As I consumed the first round - my thoughts naturally compared my profession - commercial real estate - with professional golf. Are there similarities? Certainly! Indulge me while I dissect a few.

No safety net. Professional golf is the only pro sport without contracts - much less guaranteed contracts! That whopper agreement Mike Trout signed with the Angels? Yep. Guaranteed. Certainly touring pros have their cards - which allow them to enter certain tournaments - but if you don’t play well - no paycheck! Our profession is a commission only gig. No deals. No money.

Staying power is crucial. Some PGA players break onto the scene and place in the money immediately. Others labor at their craft for years with little to show. Same with brokerage. Many times what separates success from failure is your ability to stick around. Expenses are not covered in professional golf - travel, meals, lodging, caddie fees are all paid by the golfer. A similar accounting occurs with us. Frugality is common with newbies in both professions.

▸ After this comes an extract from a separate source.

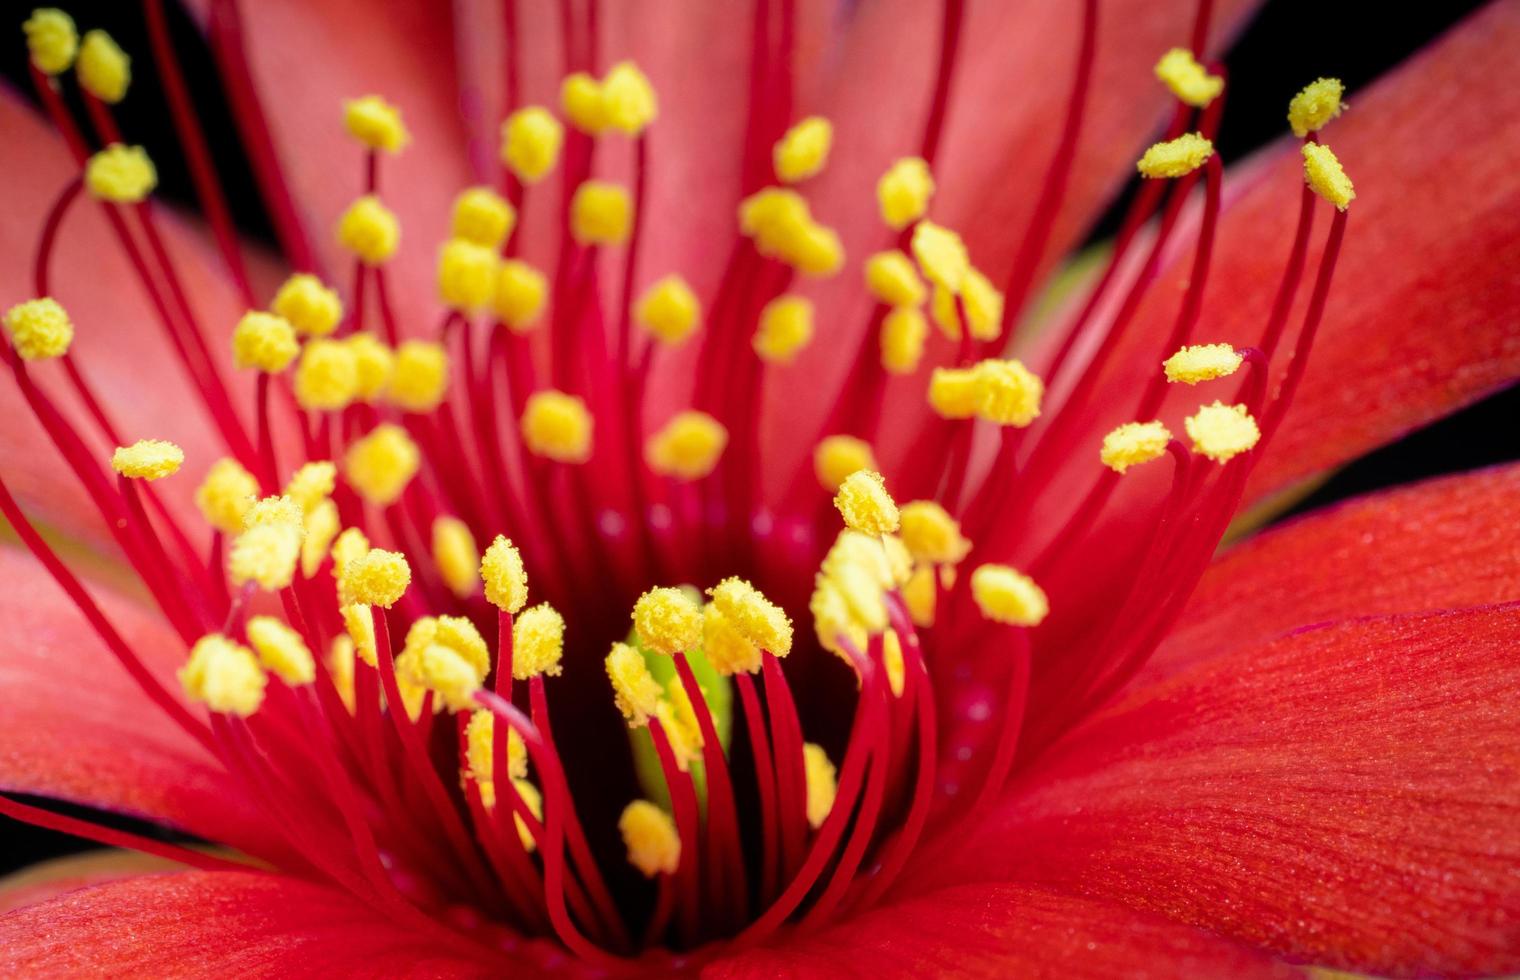 polen amarillo en numerosos pedúnculos rojos de flores de cactus rojo. los estambres centrales son pétalos rojos borrosos en el fondo. foto

Talent is a predictor but not a guarantee. Both professions boast “can’t miss” prospects - who fizzle akin to that Fourth of July dud. Ever heard of Ty Tryon? Didn’t think so. Young Tryon was to be the next Jack Nicklaus with a stellar college pedigree and comparable golf swing. Never a whimper. The attrition rate with new hires in commercial real estate is 70%. Wow! Only 3 of 10 will make it. Generally work ethic - not talent - predicts success in both fields.

Authenticity. ArnoldPalmer, Lee Trevino, Payne Stewart. All had their unique ways of doing things. Palmer attacked a golf ball like it was a blacksmith’s anvil. Trevino would talk you to death. Payne Stewart? Knickers and knee high argyles in a world of Amana visors. Among them - sixteen major championships! Figuring out a bold new way to schlep buildings works as well.

We start from zero. Every January both endeavors wipe the slates - and earnings - from the previous year. A new round commences. If profitable - the only one who remembers is Uncle Sam.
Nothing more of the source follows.